Your instructions
Give an exact copy of the data that follows, but none of its pictures.

Data block

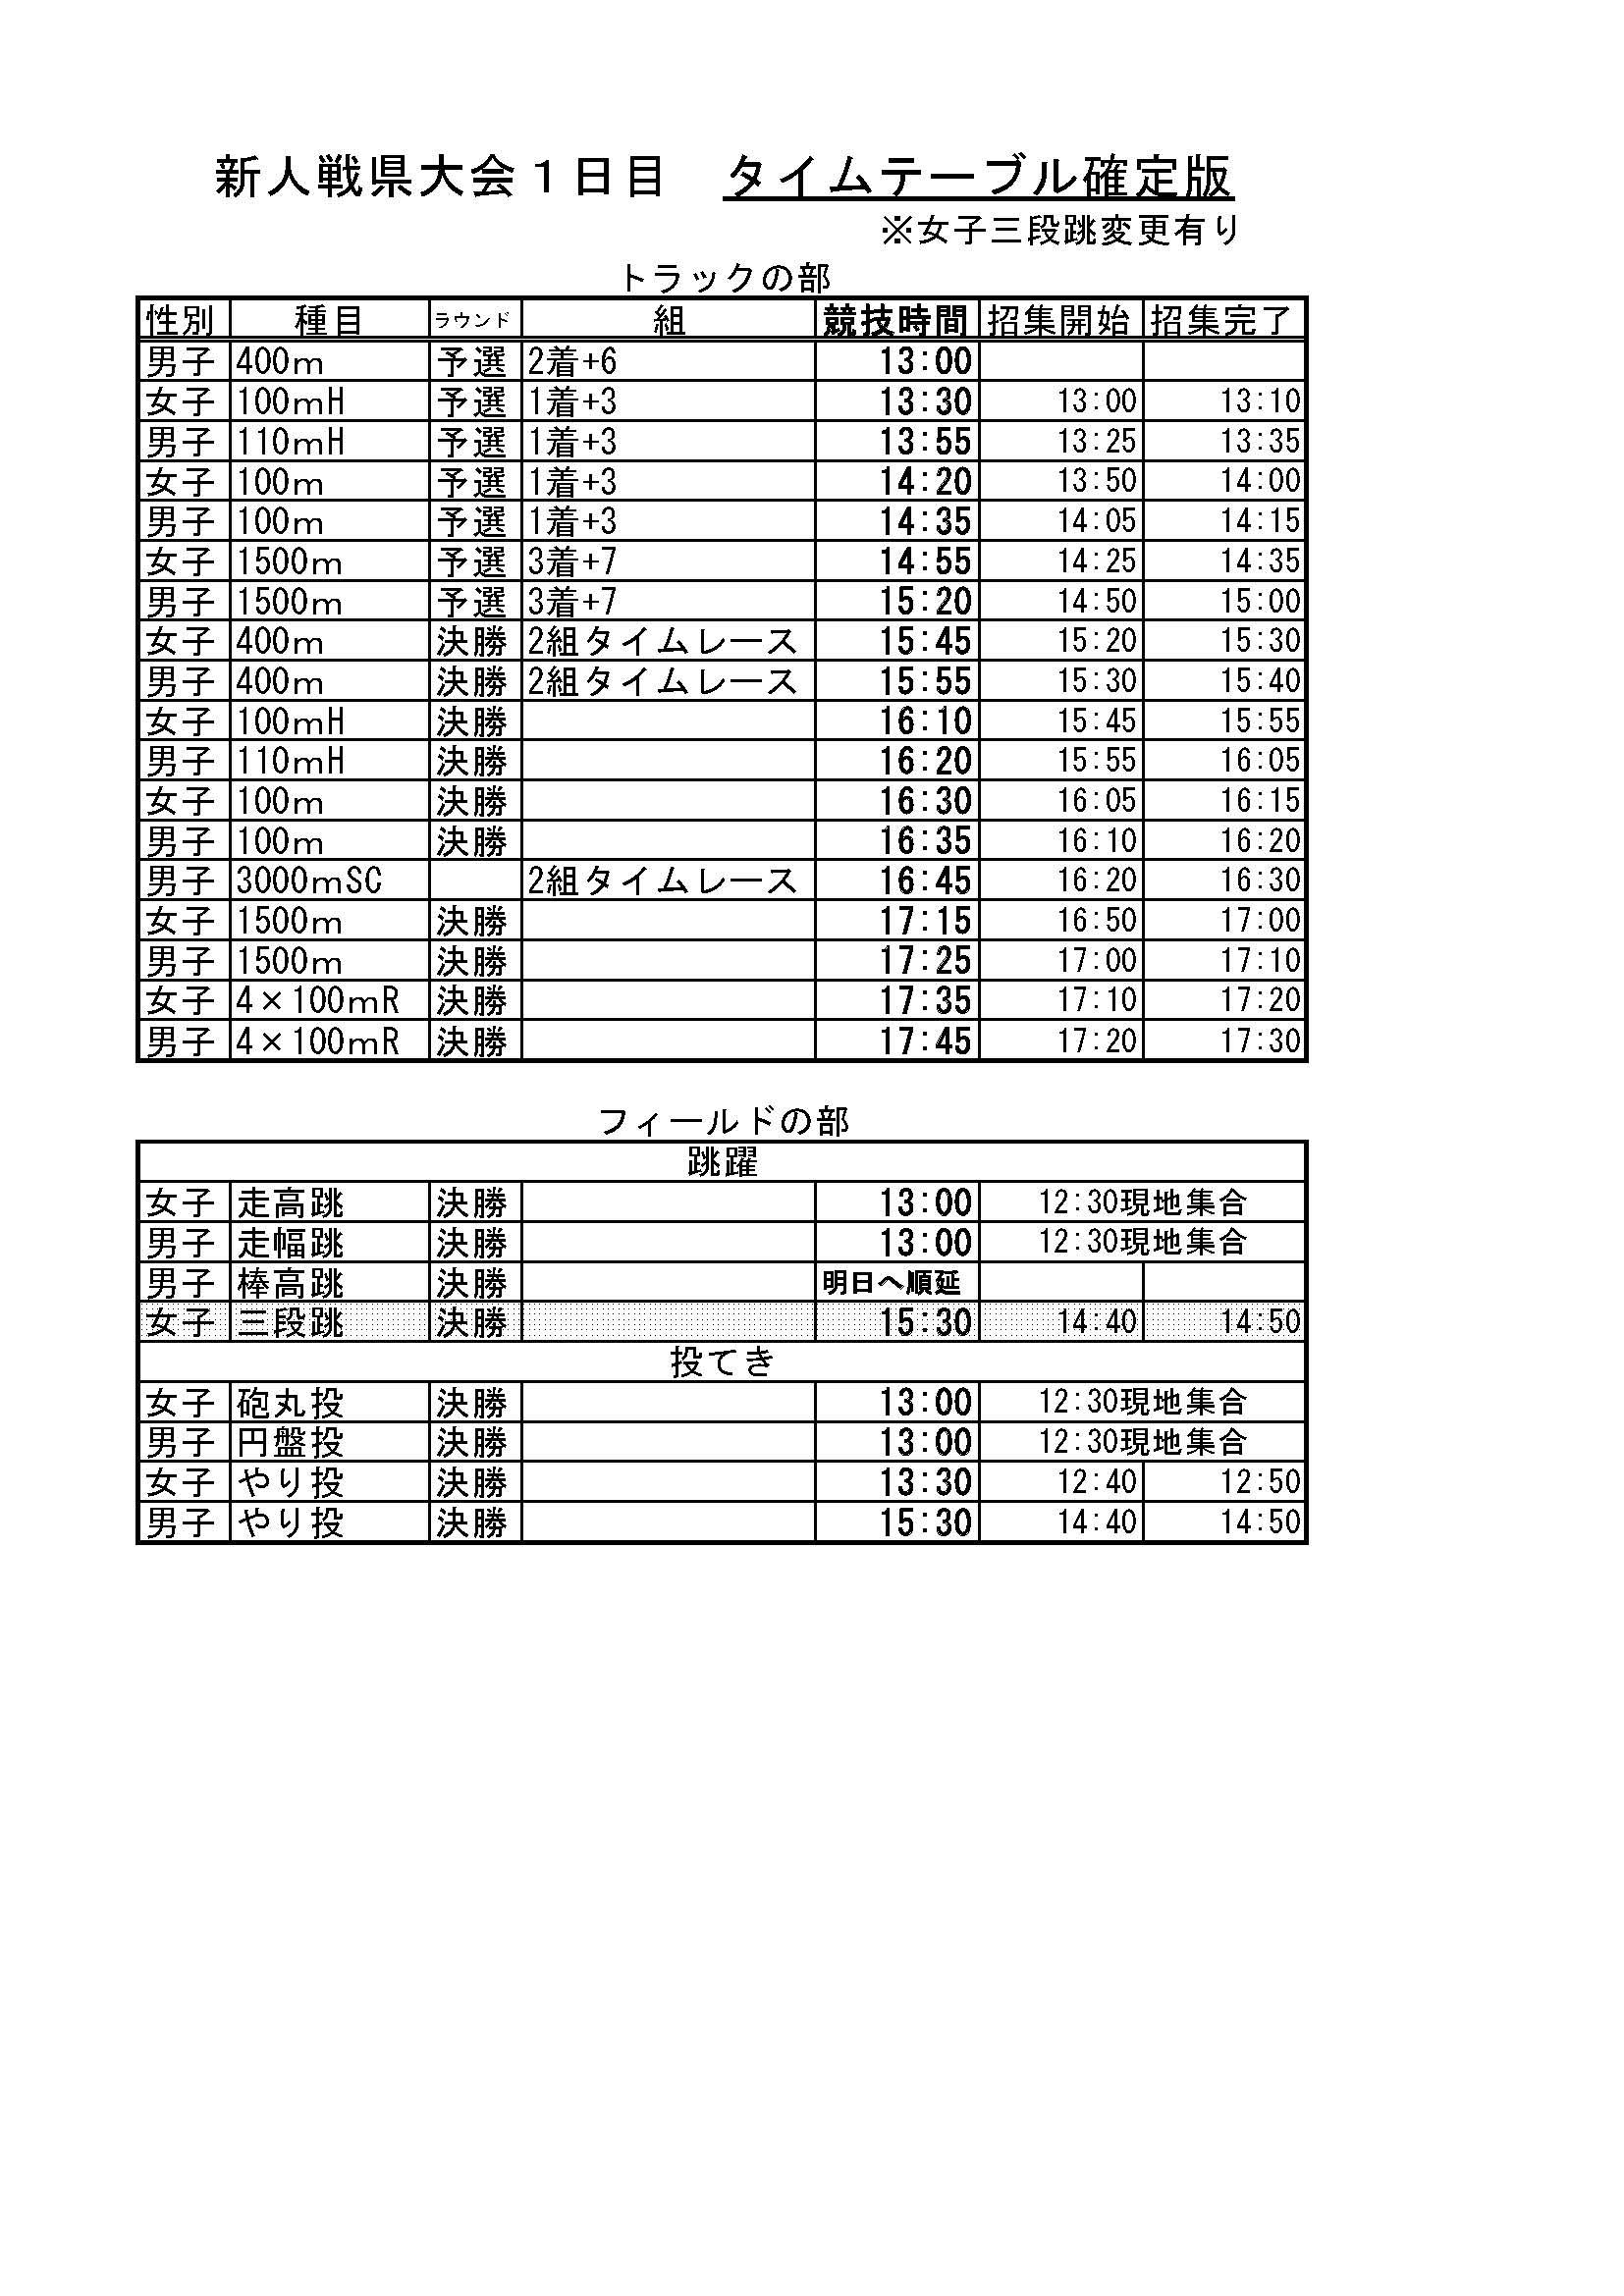 160924hen (1)
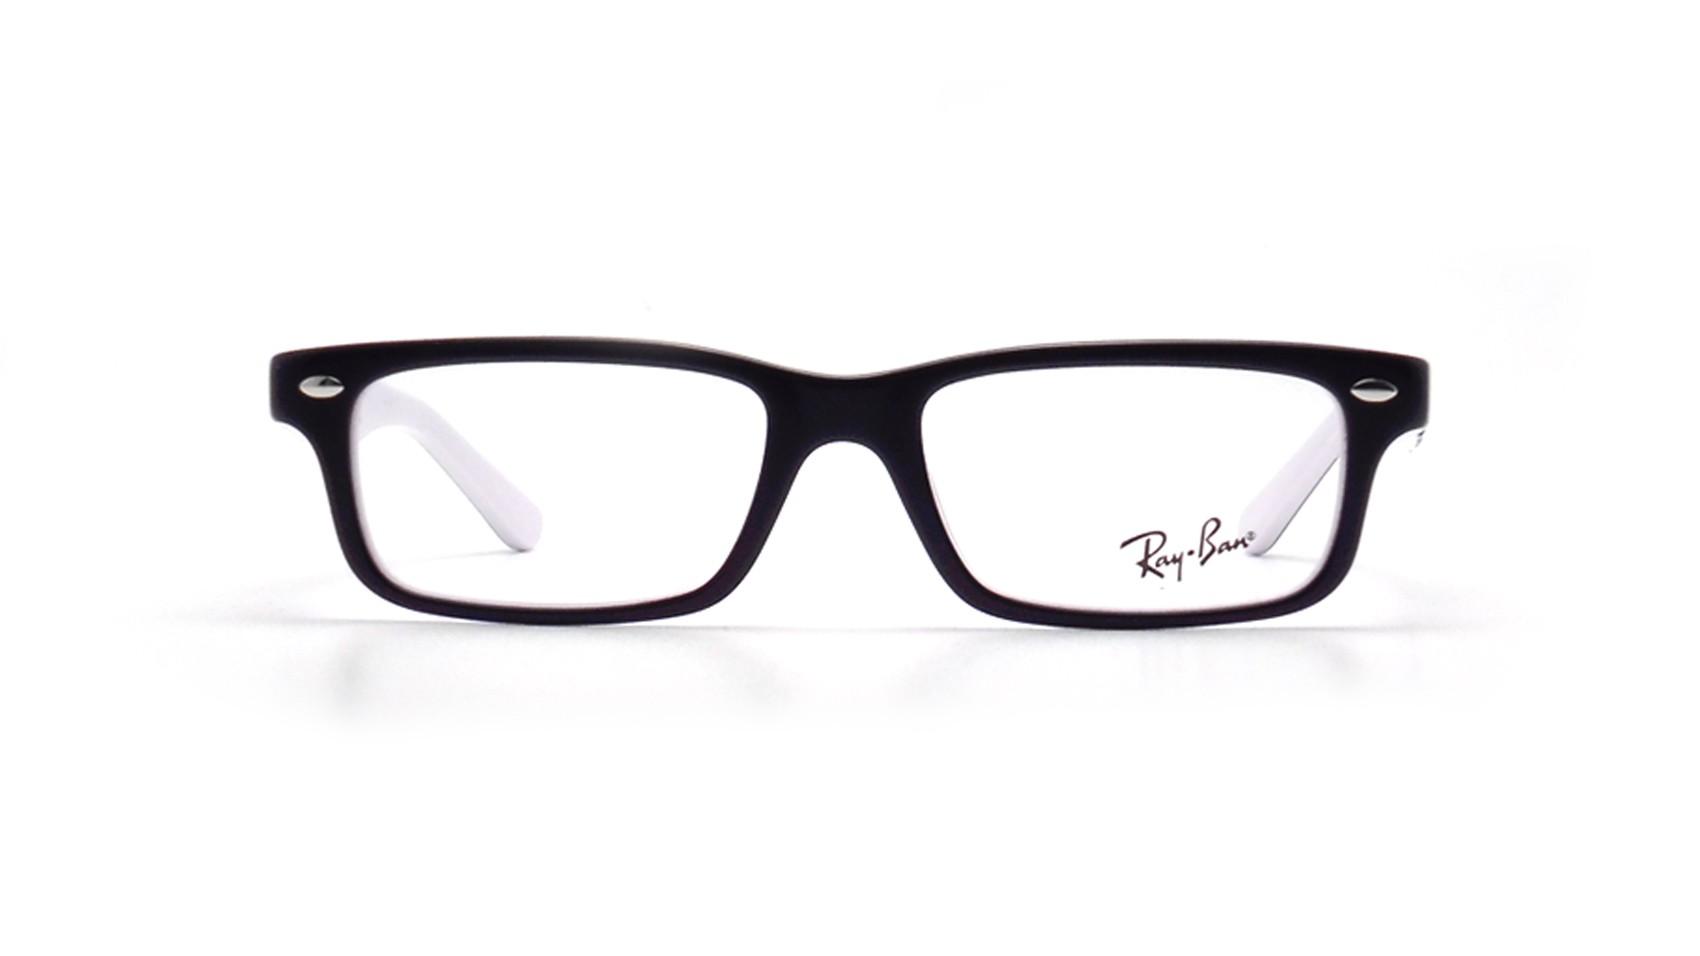 1d5cf28d9ae Eyeglasses Ray-Ban RYRB1535 3579 48-16 Black Junior
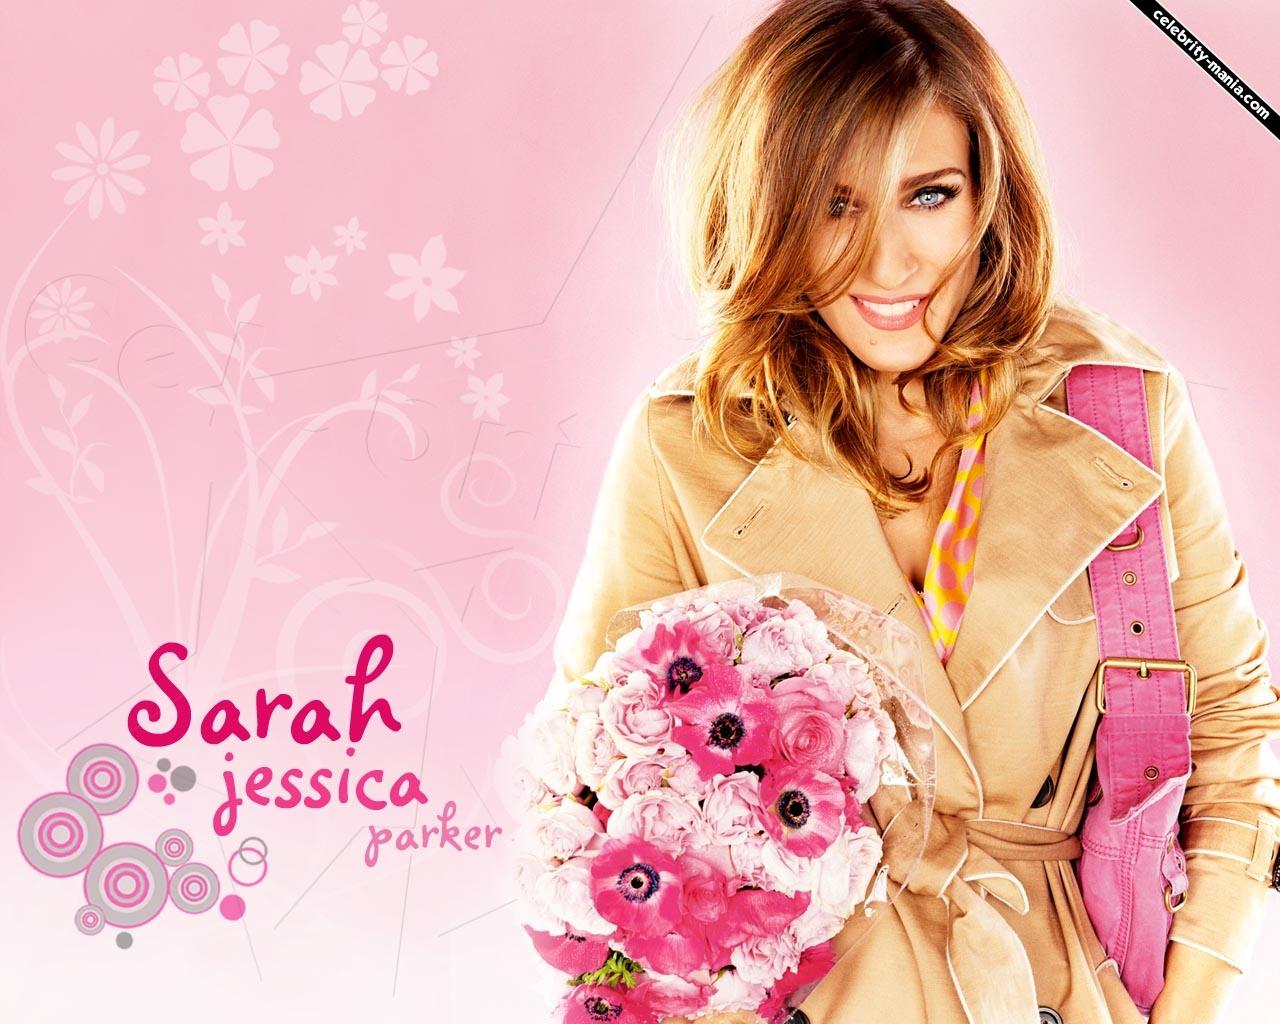 http://4.bp.blogspot.com/-RqoRSWof844/T6BdAKNf6fI/AAAAAAAACao/fdNX9es7Kew/s1600/Sarah+Jessica+Parker+wallpapers+1.jpg

Task result
 160924hen (1)
 1d5cf28d9ae Eyeglasses Ray-Ban RYRB1535 3579 48-16 Black Junior
 http://4.bp.blogspot.com/-RqoRSWof844/T6BdAKNf6fI/AAAAAAAACao/fdNX9es7Kew/s1600/Sarah+Jessica+Parker+wallpapers+1.jpg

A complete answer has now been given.